Hardware System Requirements
- Intel Core i3 (i7 recommended) or AMD Athlon 64 CPU (4-core x86-64, 2.4 GHz or faster)
- 4 GB of RAM (8 GB recommended)
- 2 GB of free hard-disk space for installation
- 250 GB (or more) of additional free space on a high-performance drive is required after installation
Windows Operating System (Option)
- Windows 7 64-bit Edition with Service Pack 1
- Windows 8 or 8.1 64-bit Edition
- Windows 10 64-bit Edition
- 32-bit Editions not supported
Linux Operating System (Option)
- Ubuntu 16.04 or newer (other Debian-based on request)
- CentOS/RHEL-based (other RPM-based on request)
MacOS Operating System (Option)
- To be determined, currently unsupported
- 70,000 to 150,000 sentence segments
- One full-time translator’s work for 3 to 4 years
- 200,000 to 500,000 sentence segments
- Support a team of translators
- There’s no upper limit to the number of segments
- Too many segments is an opportunity for variety that degrades performance
Slate™ Desktop reads and writes these standards-based localization file types:
- Text files with UTF-8 character encoding, Linux or Windows new line separators
- Tab-delimited files are specialized Text file (as above) with one tab per line. Text left of the tab is the source language. Text right of the tab is target language.
- TMX – translation memory exchange up to version 1.4b
- XLIFF – XML Localization Interchange File Format version 1.2 (.xlf, .xliff, .sdlxliff, .mxliff, .mqxliff)
- Gettext .po and .mo files
You can also work with file types supported by your computer-assisted translation (CAT), such as .docx, .xlsx, etc.
The installer installs and manages the following required dependencies.
Perl Scripting Runtime
Perl 64-bit version 5.28 or newer is a free open source scripting runtime environment.
Python Scripting Runtime
Python 64-bit version 3.72 or newer is a free open source scripting runtime environment. Required dependency libraries include:
License and support included with your purchase of Slate™ Desktop Crpus.
End User License Agreement
A perpetual, royalty-free end-user-license agreement (EULA) to use on your machines. No subscriptions or hidden fees.
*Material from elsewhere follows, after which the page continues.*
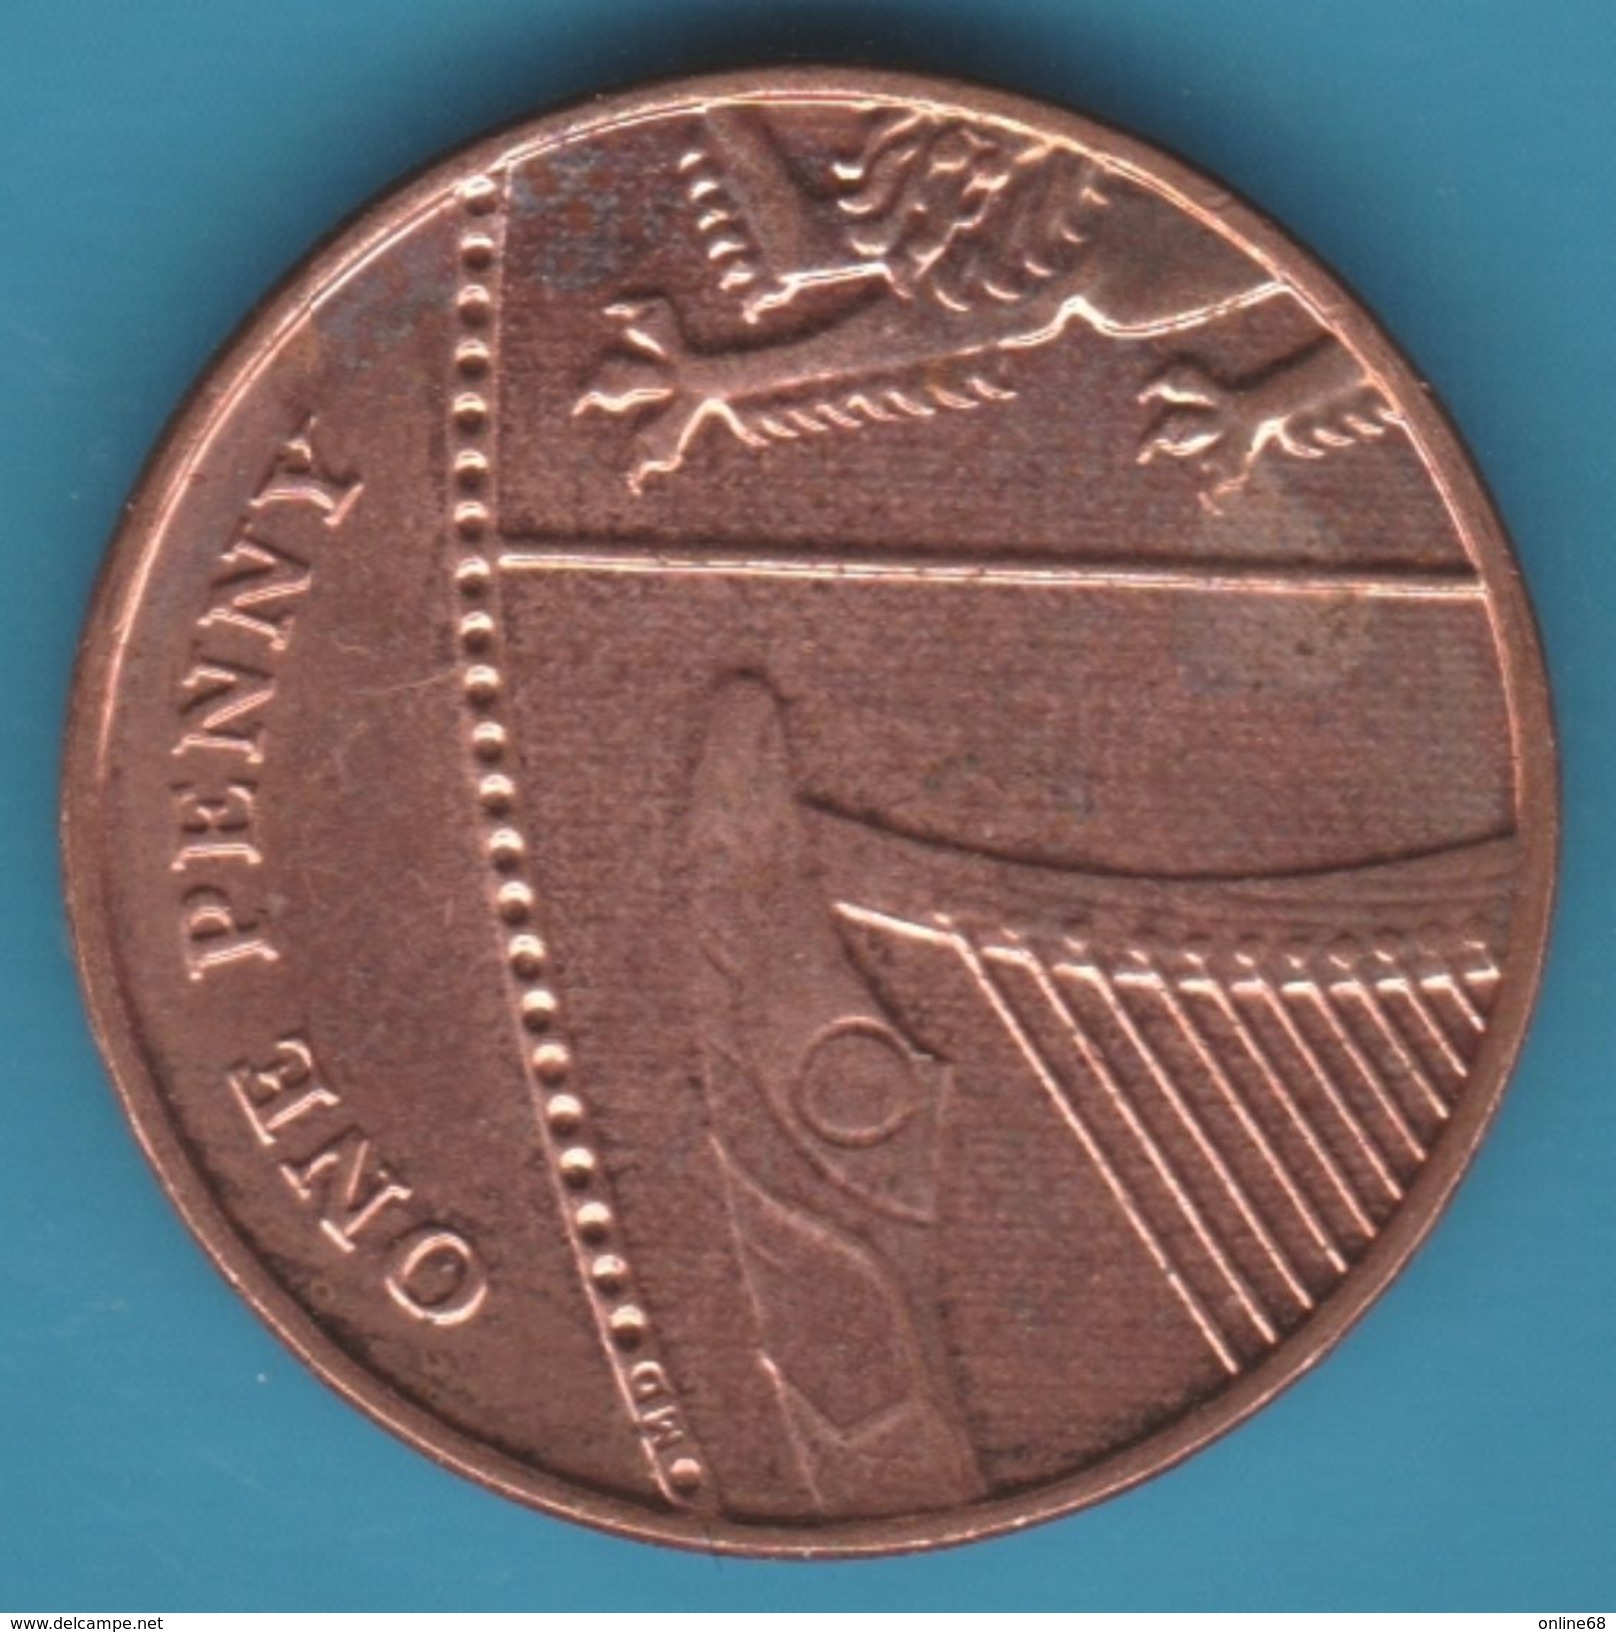 GB 1 PENNY 2013 KM# 1107 Elizabeth II - 1 Penny & 1 New Penny

Install and activate on any supported operating systems. Today’s support includes MS Windows and Linux. MacOS is planned.
Install, activate and work on one machine. Build engines and work on the same computer.
Maintenance updates are published occasionally with new languages, enhanced features and bug fixes.
Access to priority technical support during the period between major version updates via our online support portal, https://support.slate.rocks.
Slate™ Corpus distributes these components under their respective open source licenses.
Slate Toolkit Language Tokenizers
The language tokenizer scripts from the Slate™ Toolkit support data cleaning, conversion and processing.